_Exercise objective_
Retype the data below exactly, skipping pictures.

_Data section_
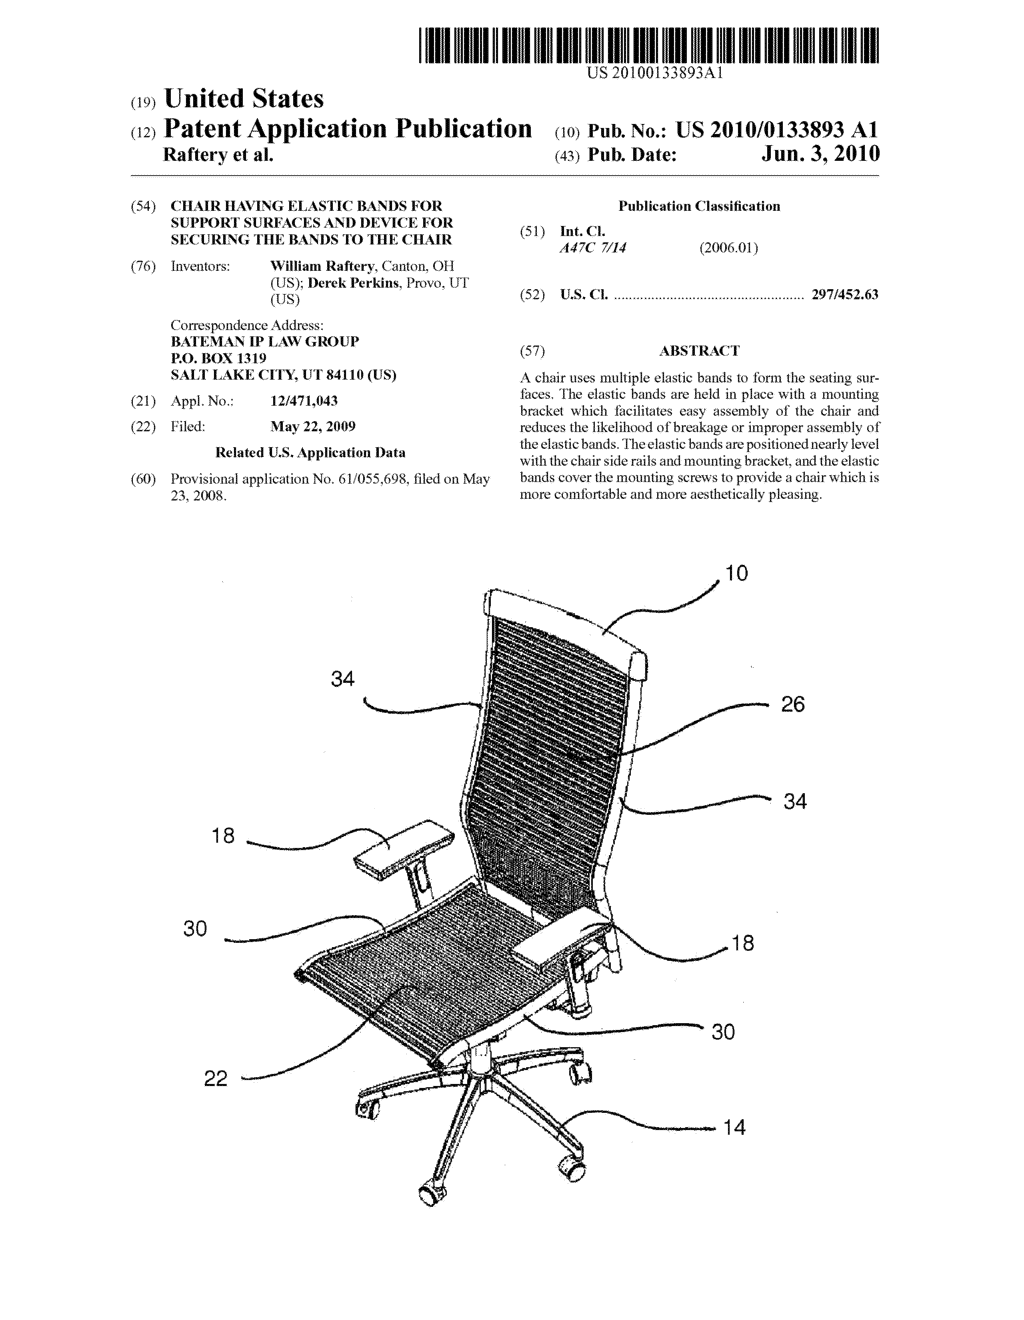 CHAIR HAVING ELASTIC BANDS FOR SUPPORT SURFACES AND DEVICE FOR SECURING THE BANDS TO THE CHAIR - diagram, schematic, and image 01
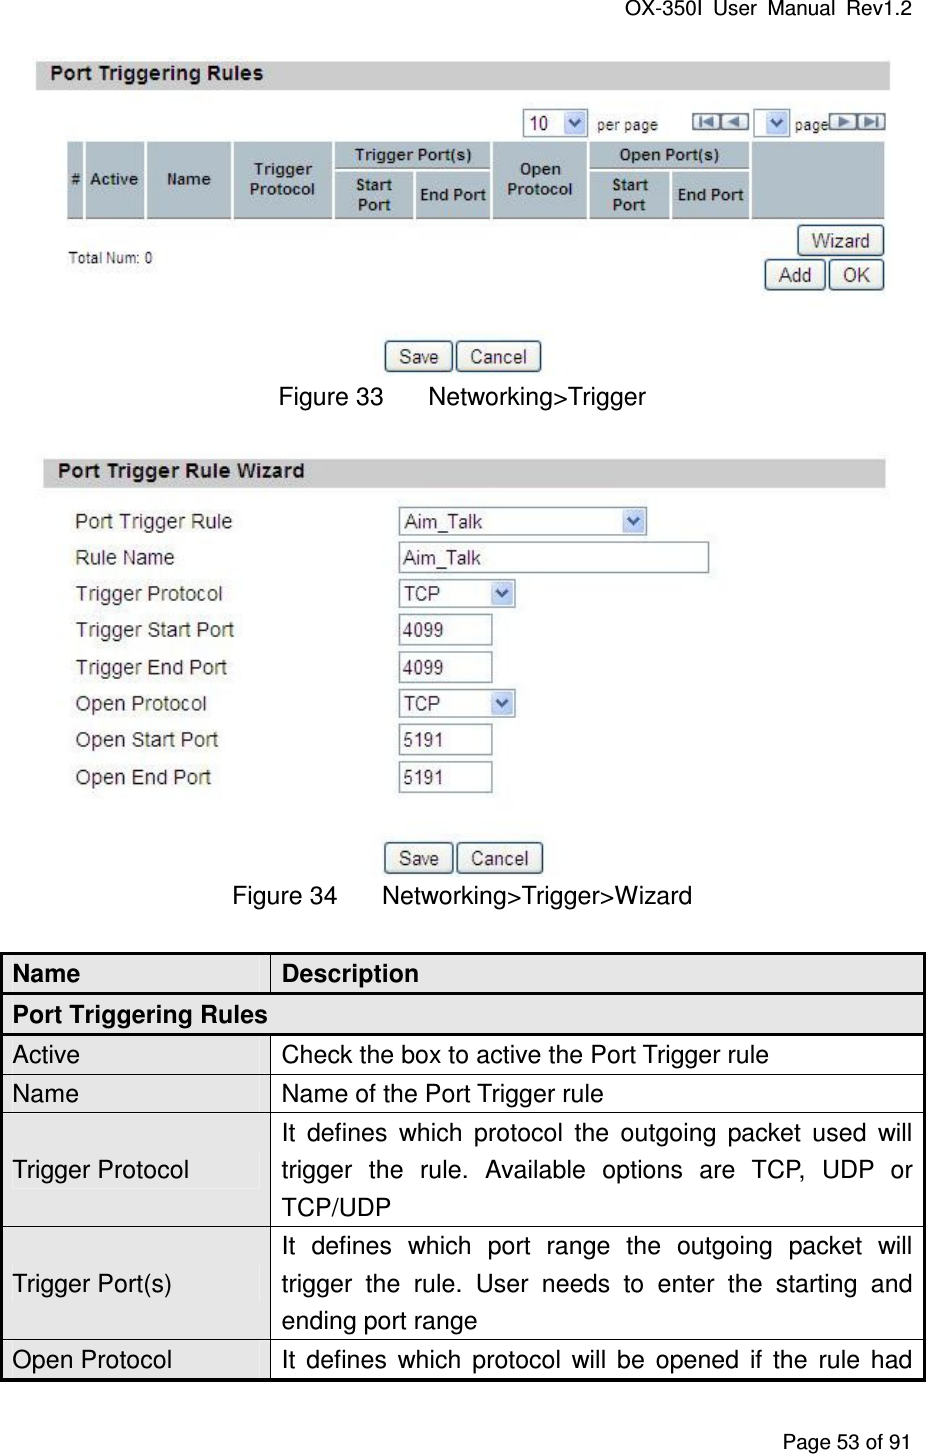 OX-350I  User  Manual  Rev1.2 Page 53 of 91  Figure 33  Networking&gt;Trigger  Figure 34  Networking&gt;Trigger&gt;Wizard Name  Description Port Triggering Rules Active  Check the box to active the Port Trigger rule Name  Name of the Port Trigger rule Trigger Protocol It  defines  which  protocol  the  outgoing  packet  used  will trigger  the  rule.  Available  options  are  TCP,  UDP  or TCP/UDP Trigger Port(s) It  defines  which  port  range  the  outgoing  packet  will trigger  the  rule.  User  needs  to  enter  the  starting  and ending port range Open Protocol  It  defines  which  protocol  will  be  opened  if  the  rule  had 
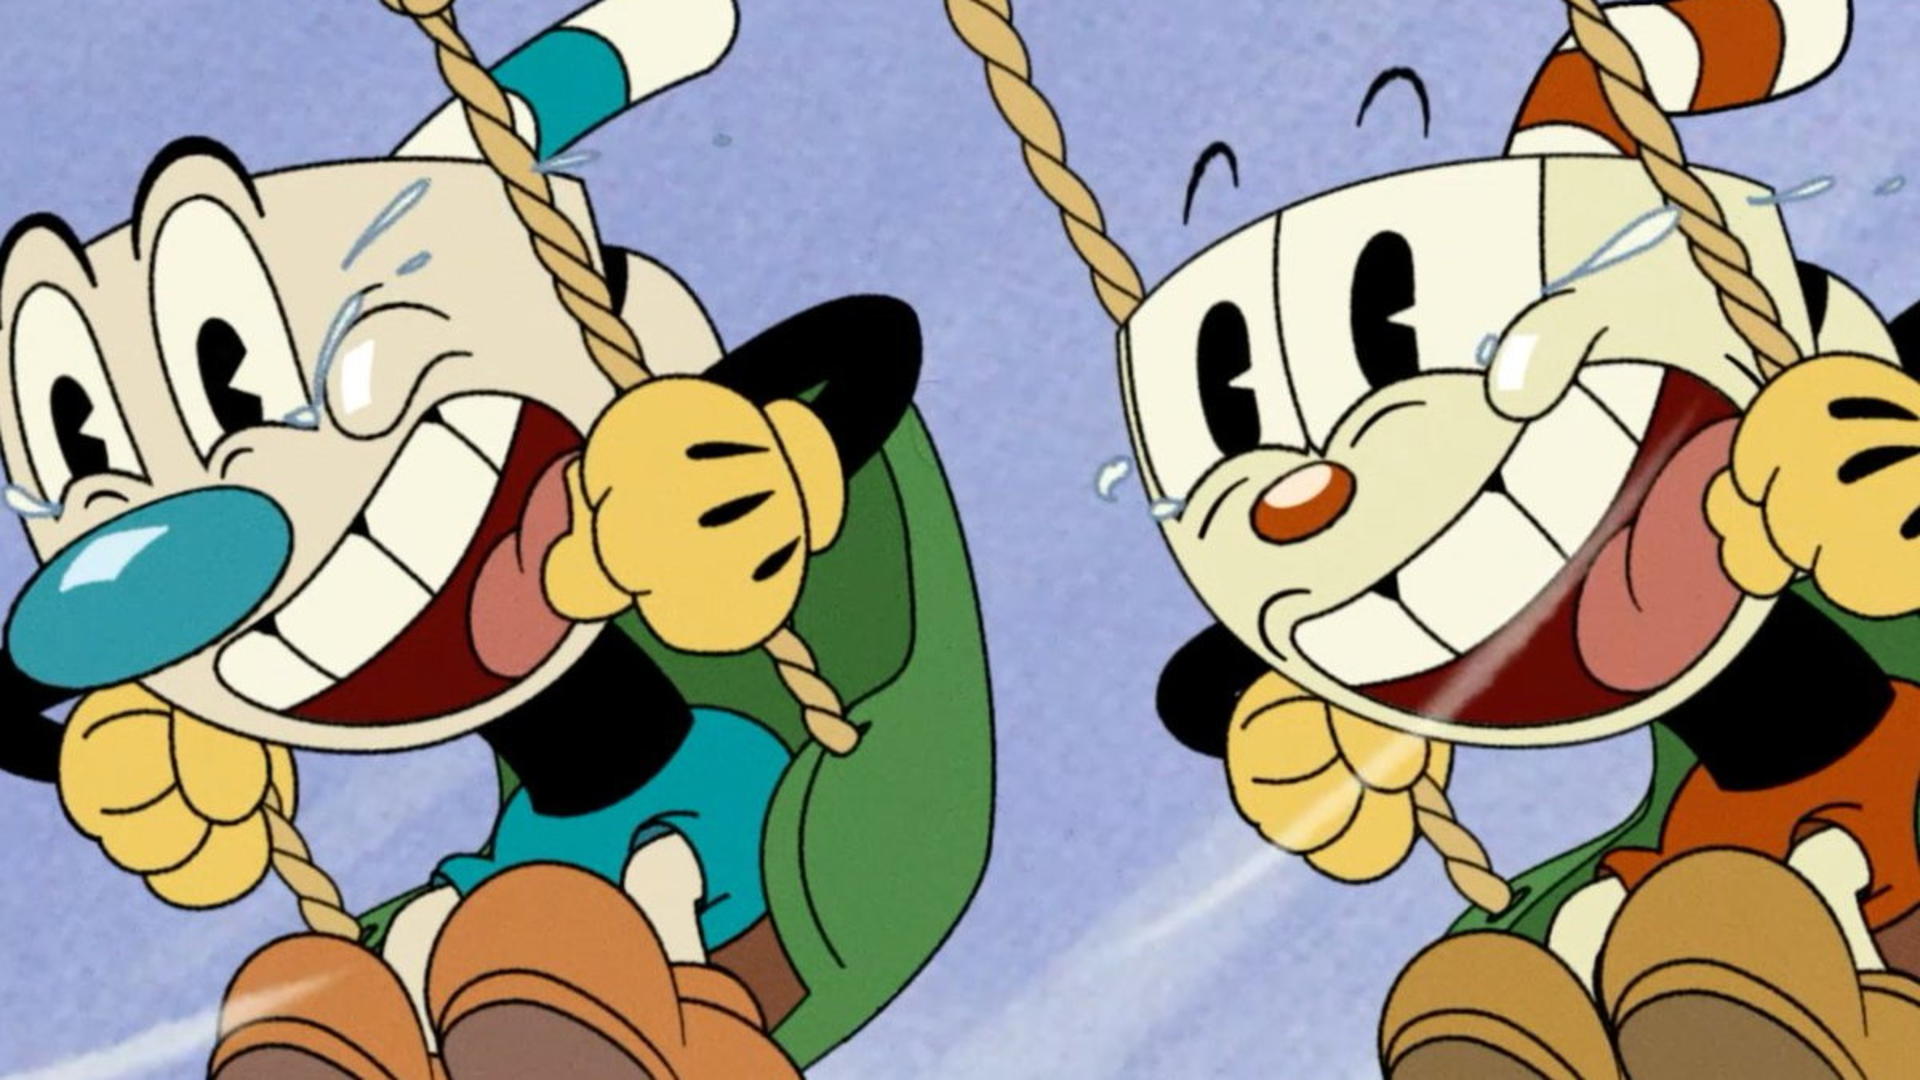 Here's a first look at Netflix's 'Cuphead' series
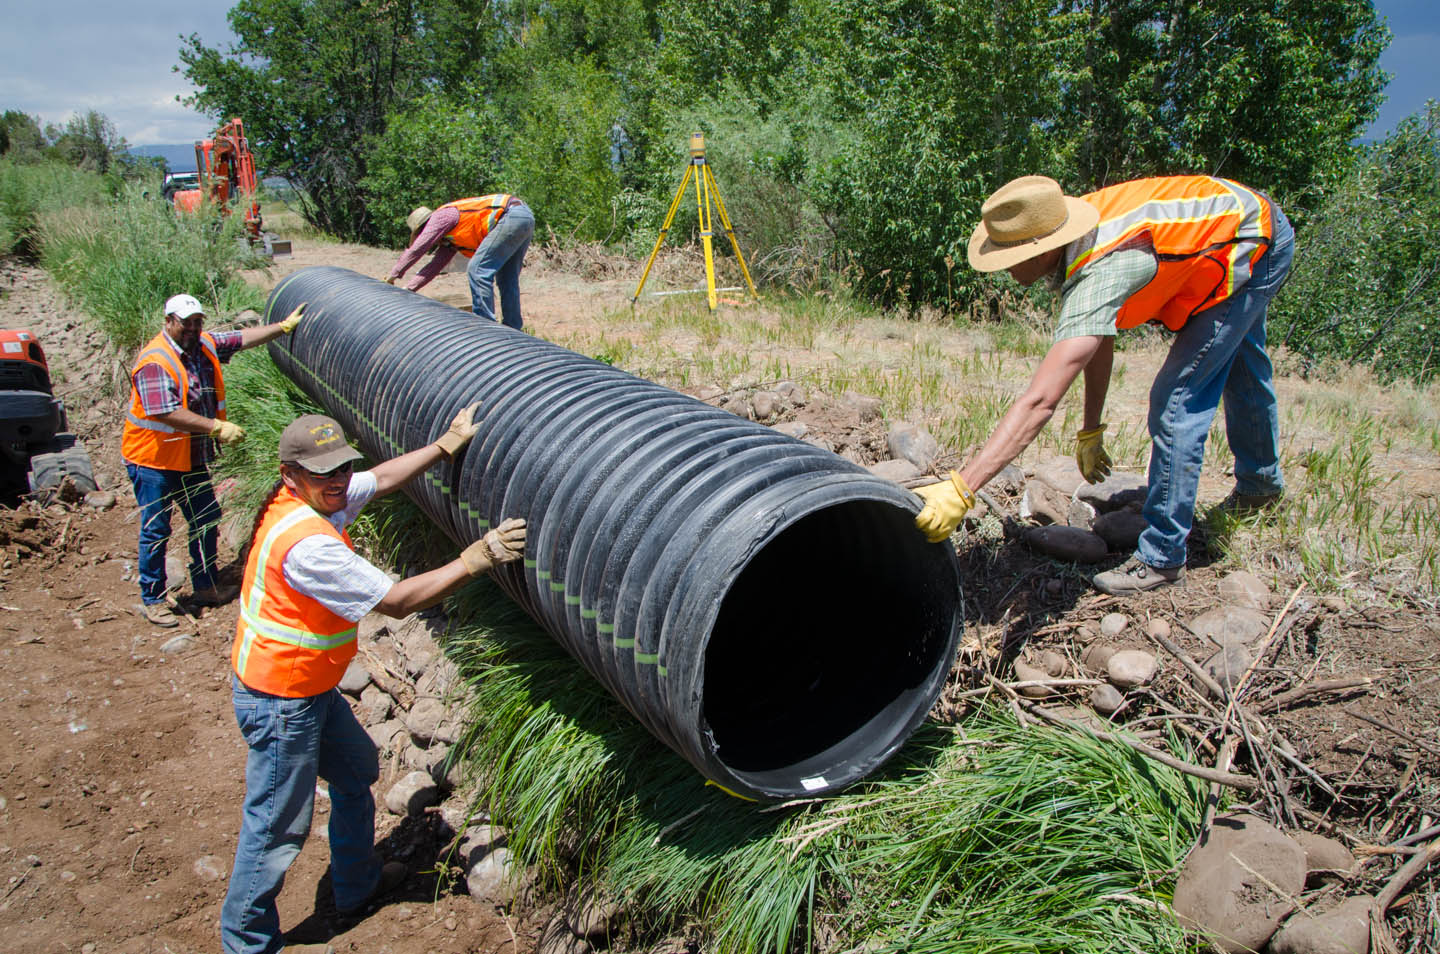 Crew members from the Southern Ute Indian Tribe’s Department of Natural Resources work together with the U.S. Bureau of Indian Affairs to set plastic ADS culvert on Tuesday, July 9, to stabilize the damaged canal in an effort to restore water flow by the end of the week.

_Task output_
 CHAIR HAVING ELASTIC BANDS FOR SUPPORT SURFACES AND DEVICE FOR SECURING THE BANDS TO THE CHAIR - diagram, schematic, and image 01
 OX-350I  User  Manual  Rev1.2 Page 53 of 91  Figure 33  Networking&gt;Trigger  Figure 34  Networking&gt;Trigger&gt;Wizard Name  Description Port Triggering Rules Active  Check the box to active the Port Trigger rule Name  Name of the Port Trigger rule Trigger Protocol It  defines  which  protocol  the  outgoing  packet  used  will trigger  the  rule.  Available  options  are  TCP,  UDP  or TCP/UDP Trigger Port(s) It  defines  which  port  range  the  outgoing  packet  will trigger  the  rule.  User  needs  to  enter  the  starting  and ending port range Open Protocol  It  defines  which  protocol  will  be  opened  if  the  rule  had 
 Here's a first look at Netflix's 'Cuphead' series
 Crew members from the Southern Ute Indian Tribe’s Department of Natural Resources work together with the U.S. Bureau of Indian Affairs to set plastic ADS culvert on Tuesday, July 9, to stabilize the damaged canal in an effort to restore water flow by the end of the week.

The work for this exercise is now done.